The impact of this flaw is limited (besides having expired certificate, attacker would need to have associated private key as well and trick user to connect to spoofed SSL/TLS server), and the fix introduces backwards incompatible change.  Future updates of gnutls packages in Red Hat Enterprise Linux 4 and 5 may include this change.
Comment 6 Tomas Hoger 2009-04-30 12:36:08 UTC 
Public now via upstream security advisory:
  http://article.gmane.org/gmane.comp.encryption.gpg.gnutls.devel/3517

Fix included in upstream version 2.6.6:
  http://article.gmane.org/gmane.comp.encryption.gpg.gnutls.devel/3514
Comment 8 Joe Orton 2009-04-30 13:17:21 UTC 
gnutls-cli is documented as a "test program" so I'd struggle to call this a  security issue there.
Comment 9 Vincent Danen 2009-05-01 16:54:31 UTC 
Common Vulnerabilities and Exposures assigned an identifier CVE-2009-1417 to
the following vulnerability:

Name: CVE-2009-1417
URL: http://cve.mitre.org/cgi-bin/cvename.cgi?name=CVE-2009-1417
Assigned: 20090424
Reference: MLIST:[gnutls-devel] 20090430 Certificate expiration not checked by gnutls-cli [GNUTLS-SA-2009-3] [CVE-2009-1417]

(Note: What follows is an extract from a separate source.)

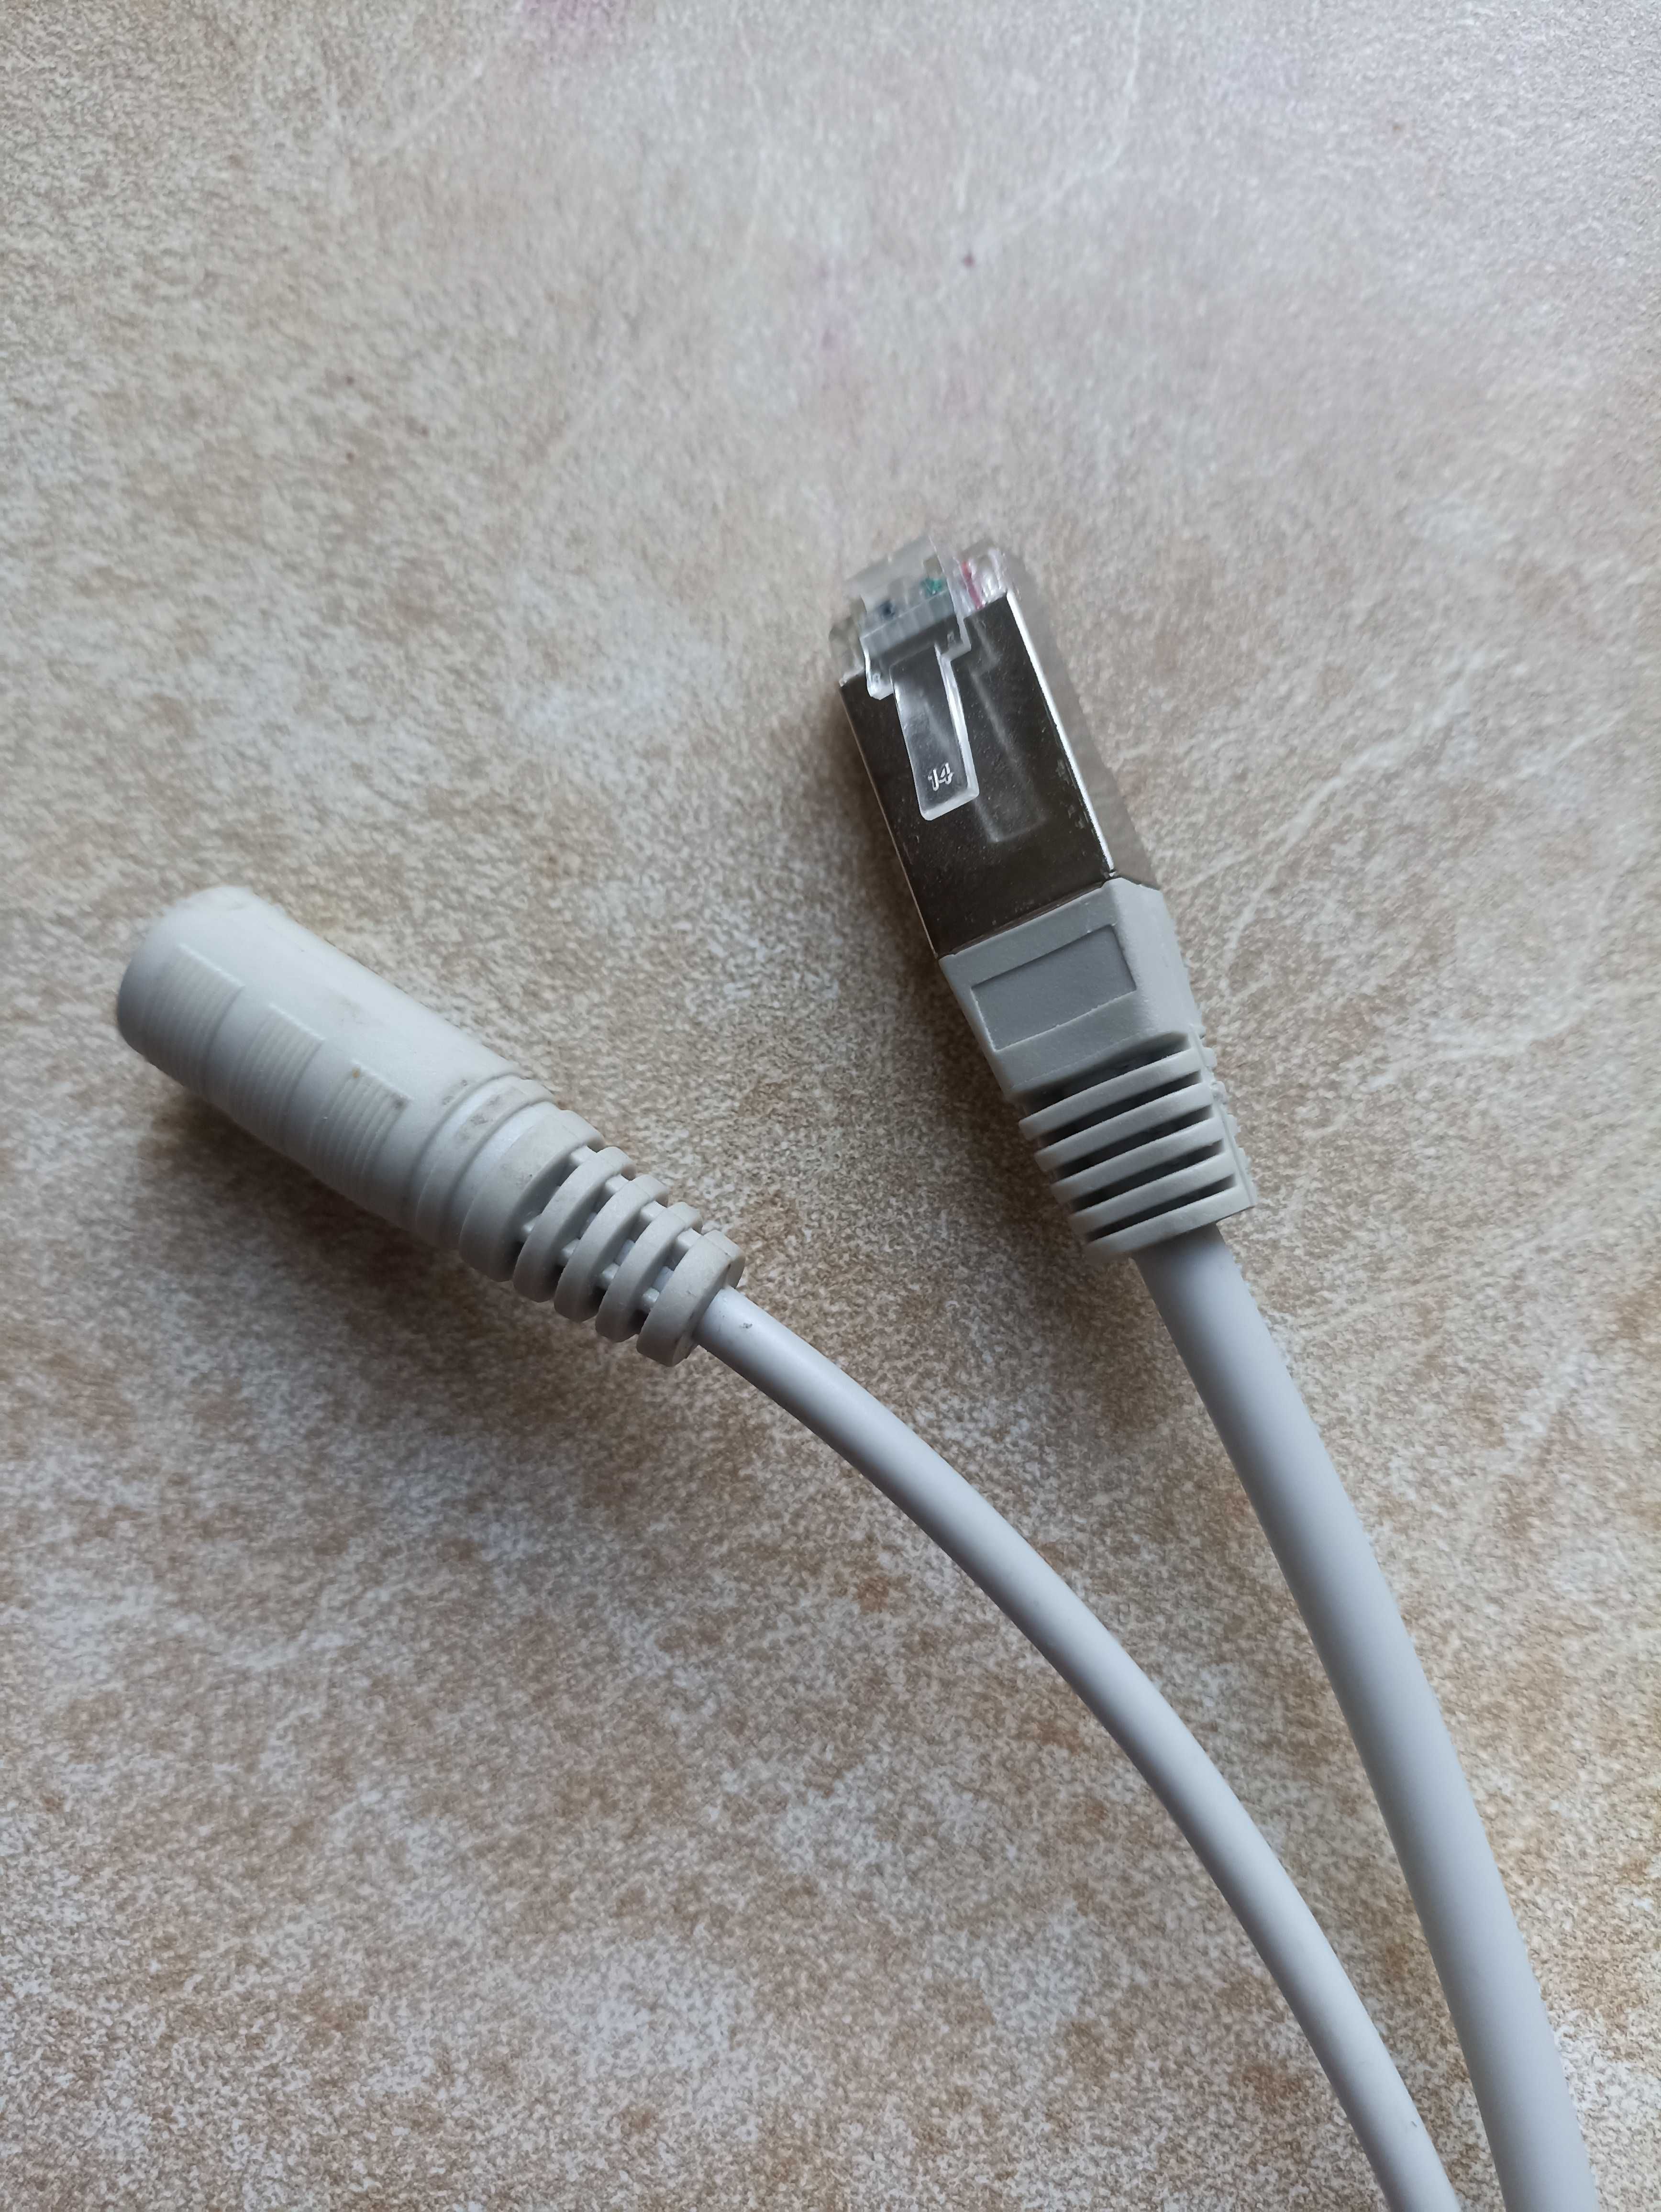 USB кабель Data+ Power

Reference: URL: http://article.gmane.org/gmane.comp.encryption.gpg.gnutls.devel/3517
Reference: SECUNIA:34842
Reference: URL: http://secunia.com/advisories/34842

gnutls-cli in GnuTLS before 2.6.6 does not verify the activation and
expiration times of X.509 certificates, which allows remote attackers
to successfully present a certificate that is (1) not yet valid or (2)
no longer valid, related to lack of time checks in the
_gnutls_x509_verify_certificate function in lib/x509/verify.c in
libgnutls_x509, as used by (a) Exim, (b) OpenLDAP, and (c) libsoup.

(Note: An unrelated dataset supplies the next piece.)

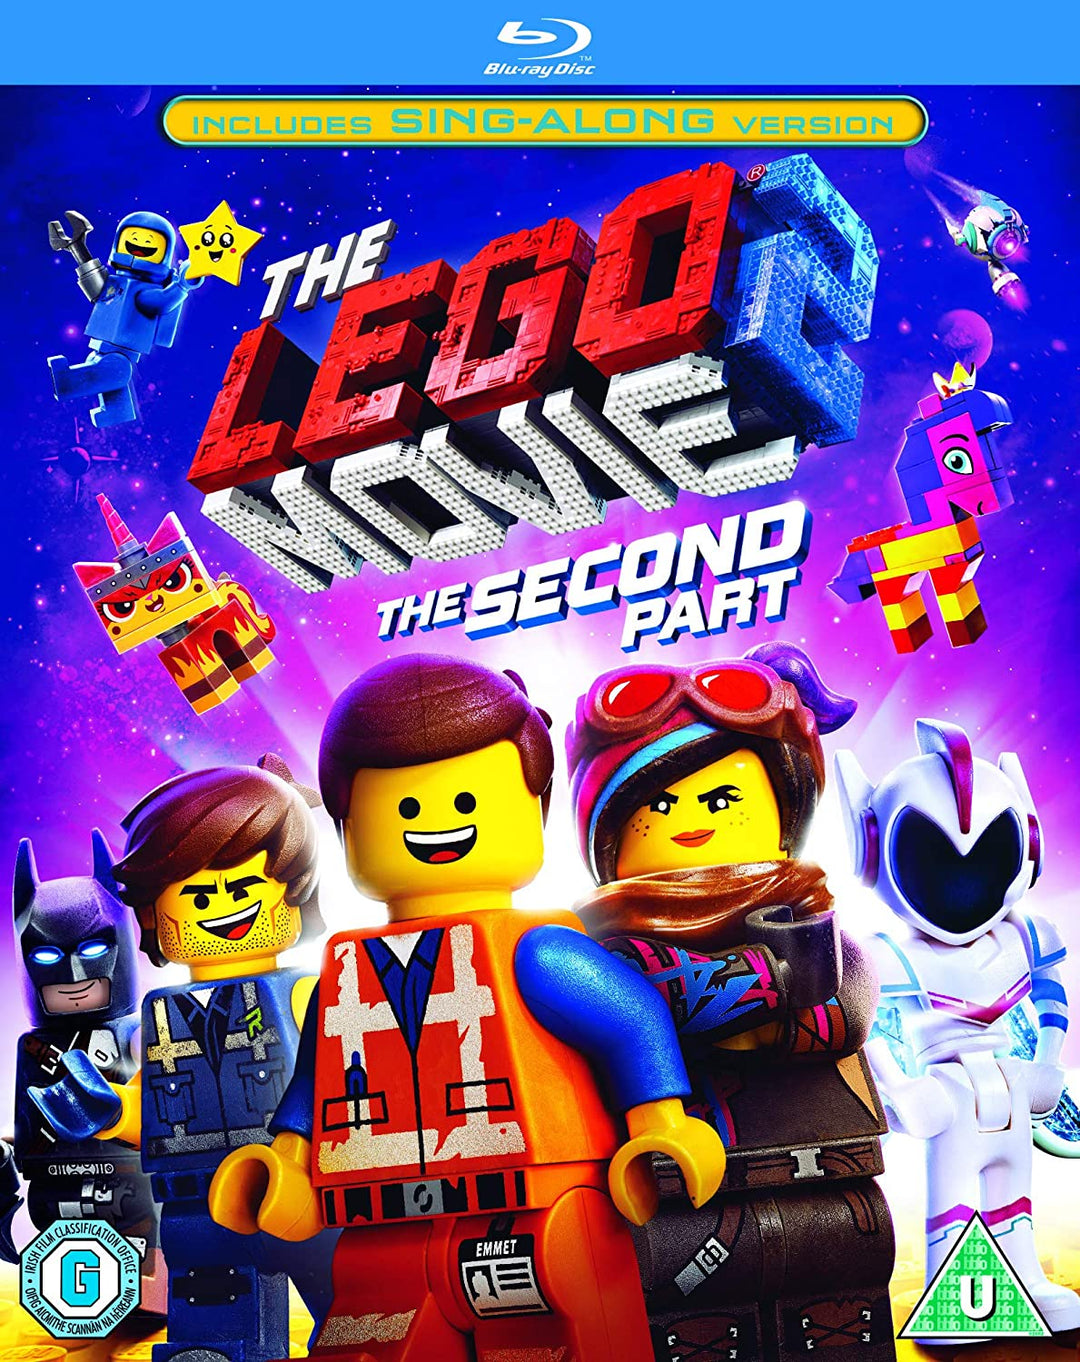 The LEGO Movie 2 [2019] - Family/Comedy [Blu-Ray]

Comment 10 Tomas Hoger 2009-08-11 08:14:57 UTC 
This was further discussed internally and it was decided not to backport this change to Red Hat Enterprise Linux 4 and 5.  This fix changes documented behaviour, possibly creating a regression for applications that performed all required checks previously (they will no longer report expired / not yet active certificates correctly, rather use generic SSL verification error).  Given the low impact of the flaw and the API-breaking nature of the fix, we do not plan to fix this flaw in already released product versions.  Future versions containing newer upstream GnuTLS versions will include this fix.